◆ **Collected material**
* * * *

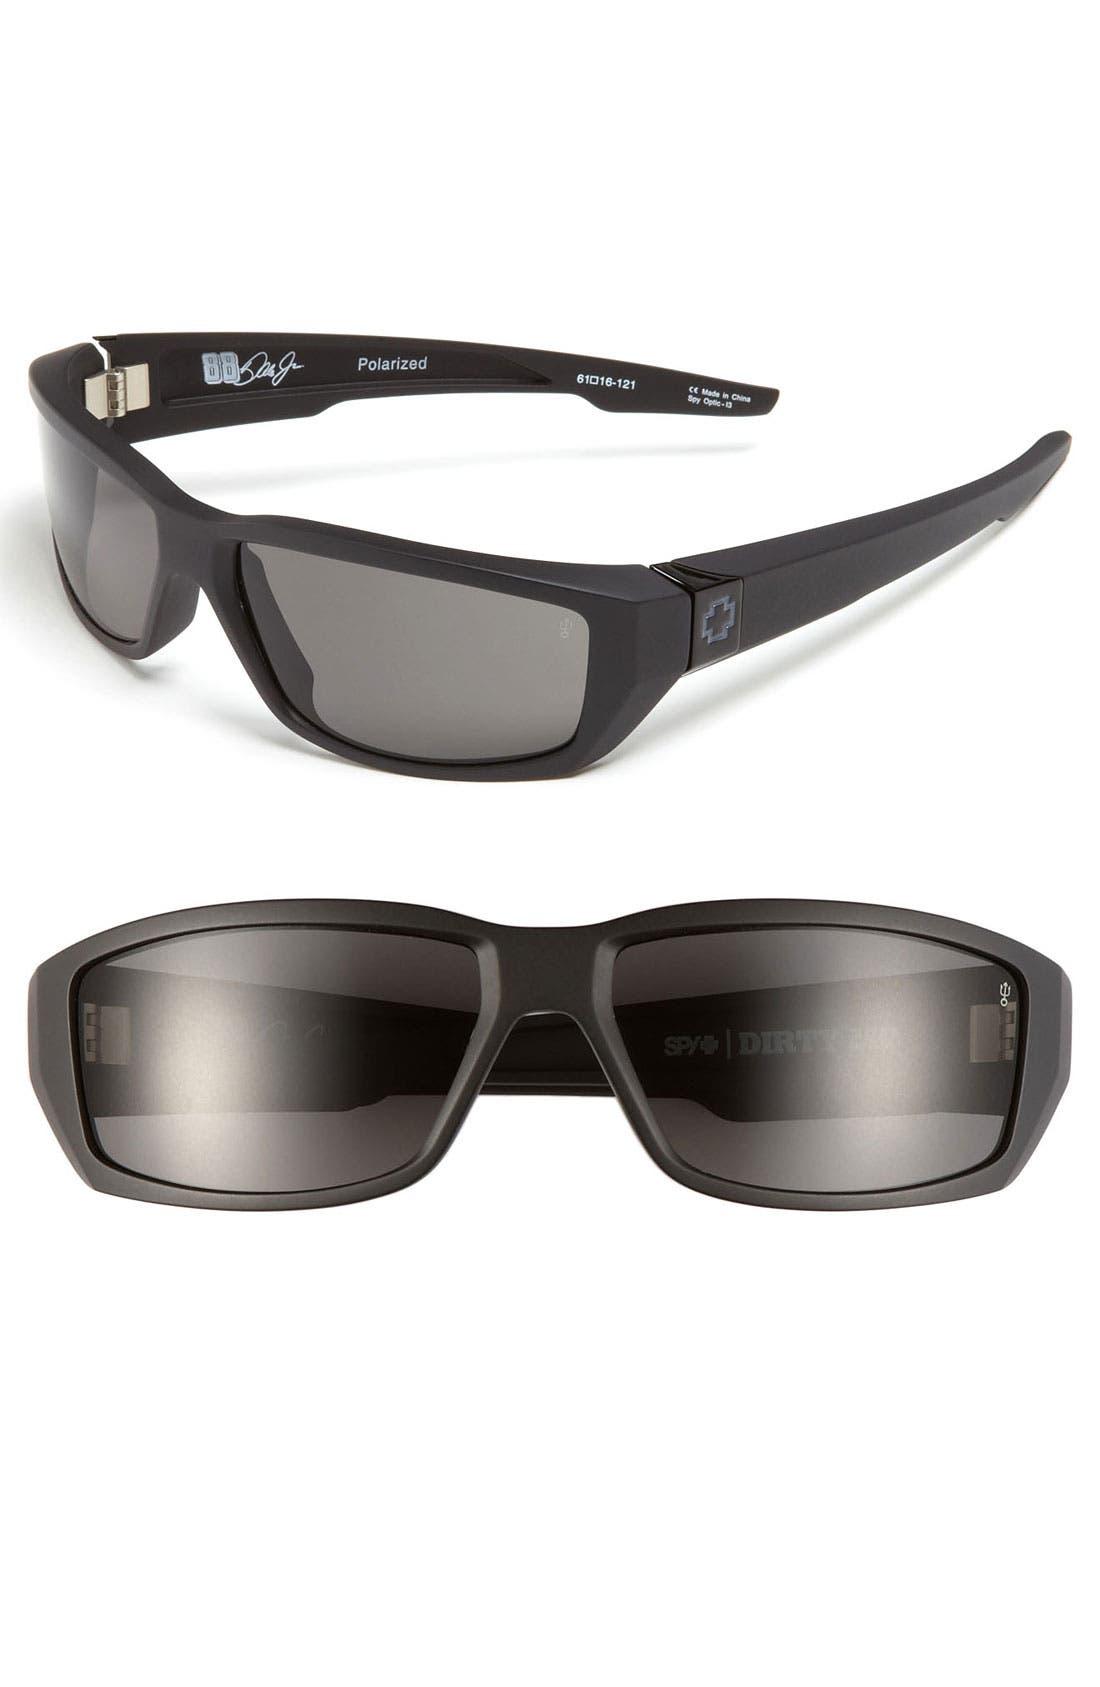 Main Image - SPY Optic 'Dale Earnhardt Jr. - Dirty Mo' 59mm Polarized Sunglasses
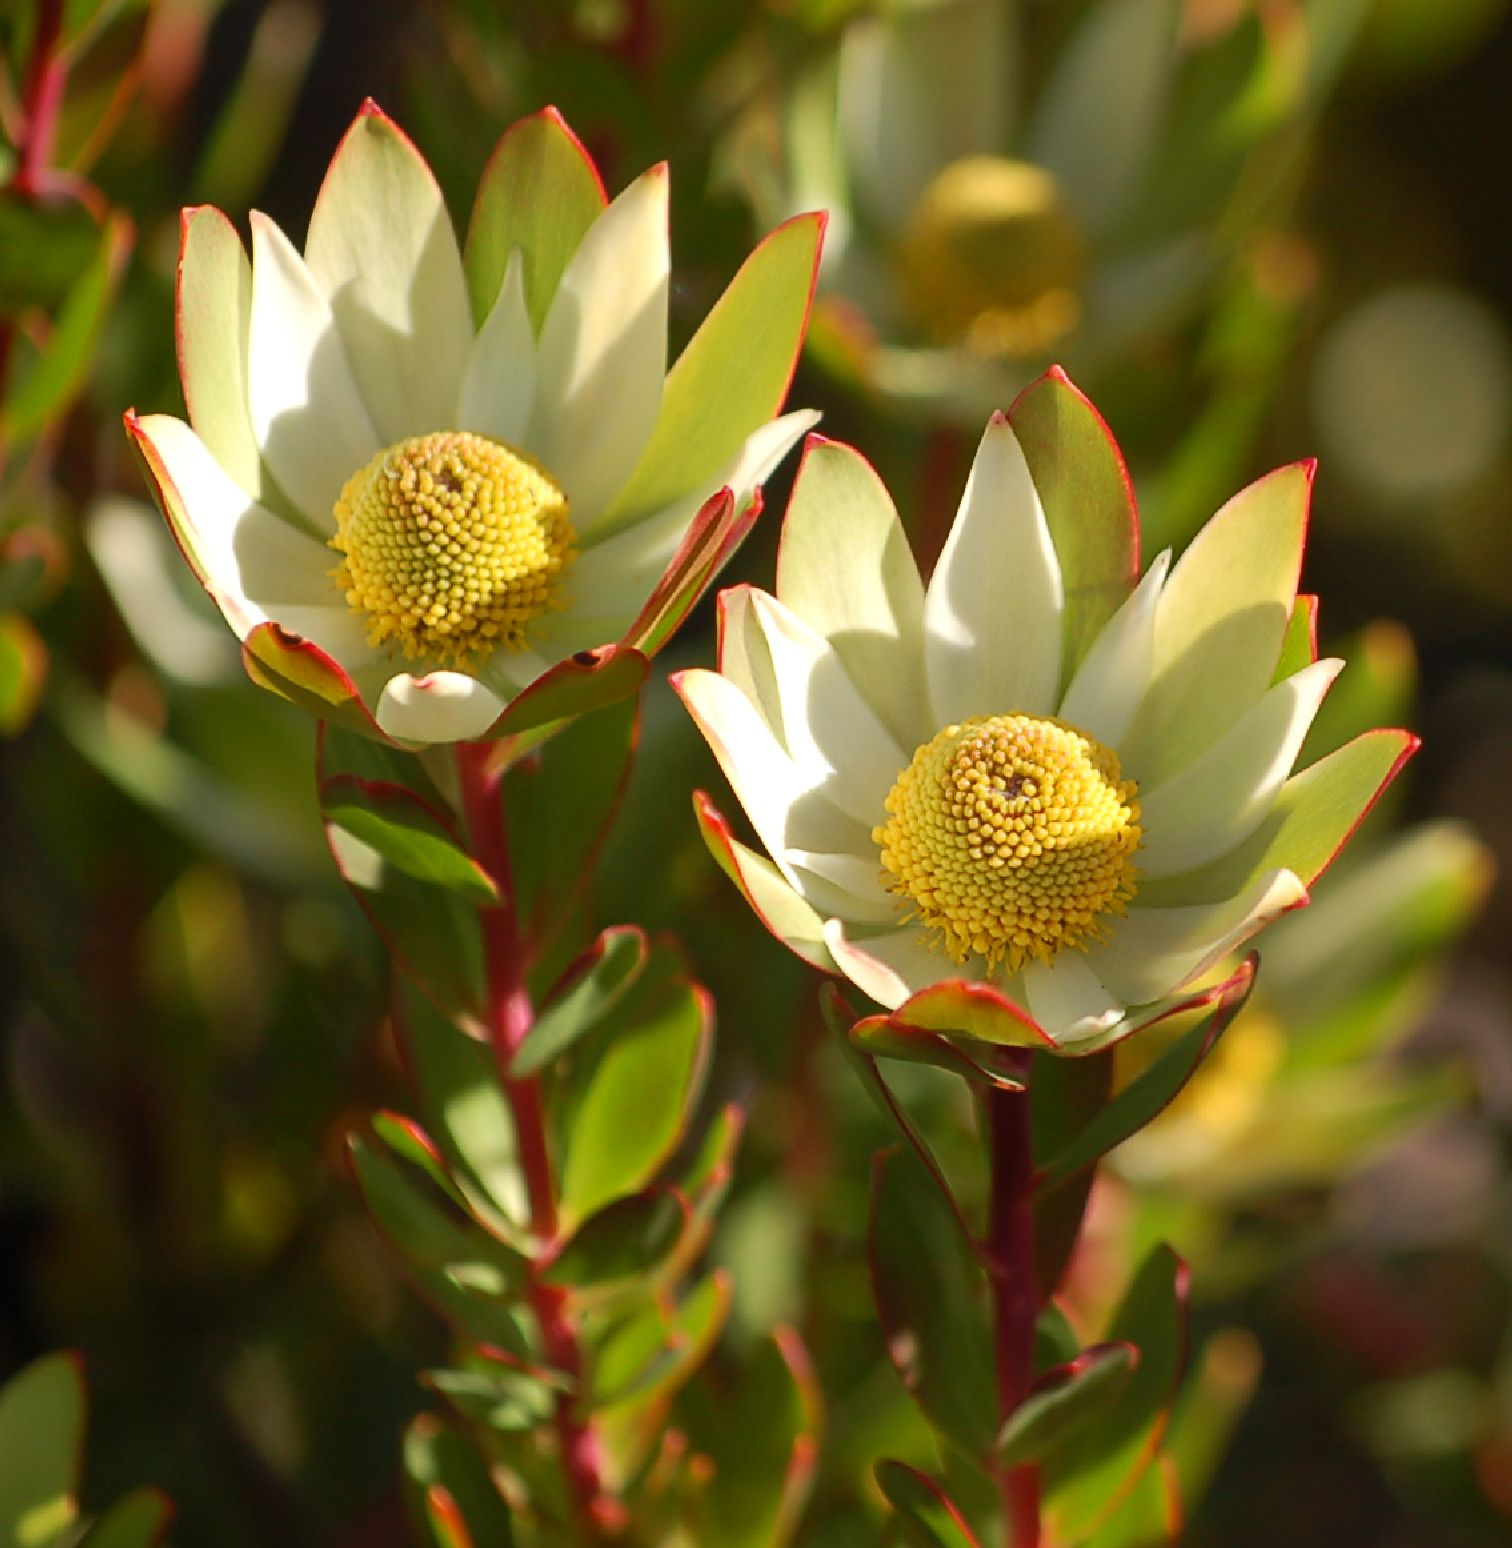 Gold Cup Flower photos, Australian flowers, Beautiful
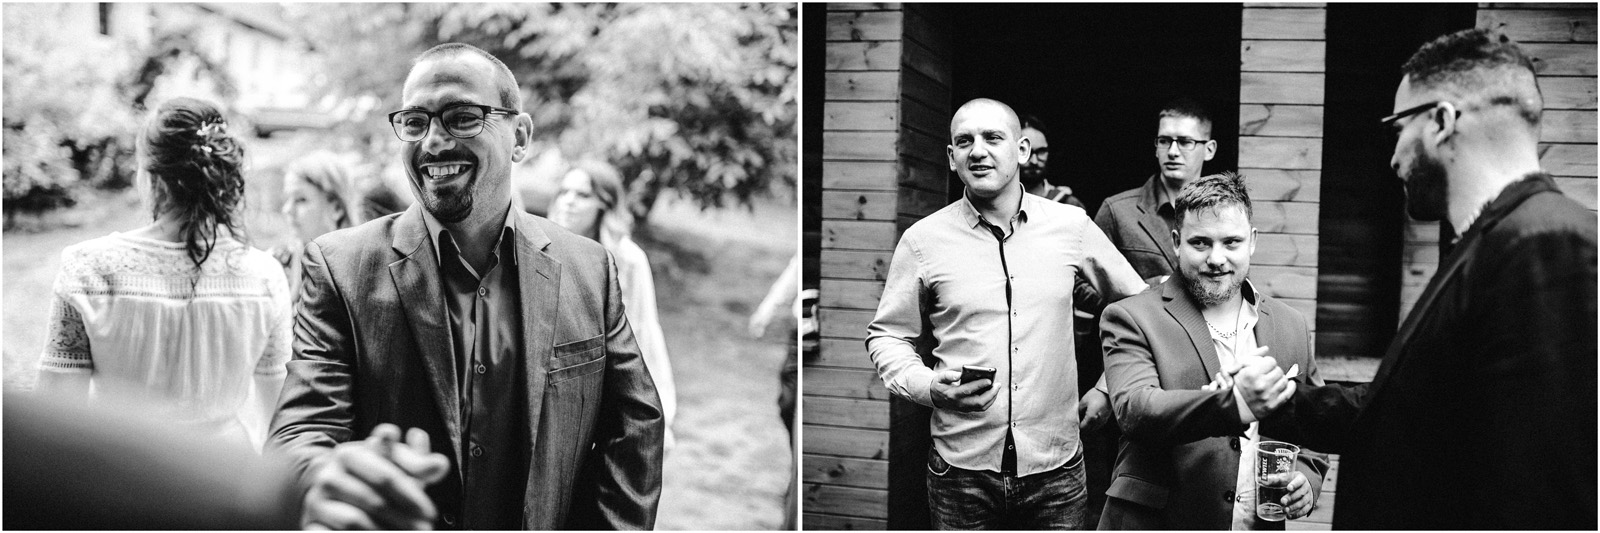 Agatka & Mati | garden party i impreza w stodole 27

* * * *

Retype the data above exactly. Do not carry over any images.

 Main Image - SPY Optic 'Dale Earnhardt Jr. - Dirty Mo' 59mm Polarized Sunglasses
 Gold Cup Flower photos, Australian flowers, Beautiful
 Agatka & Mati | garden party i impreza w stodole 27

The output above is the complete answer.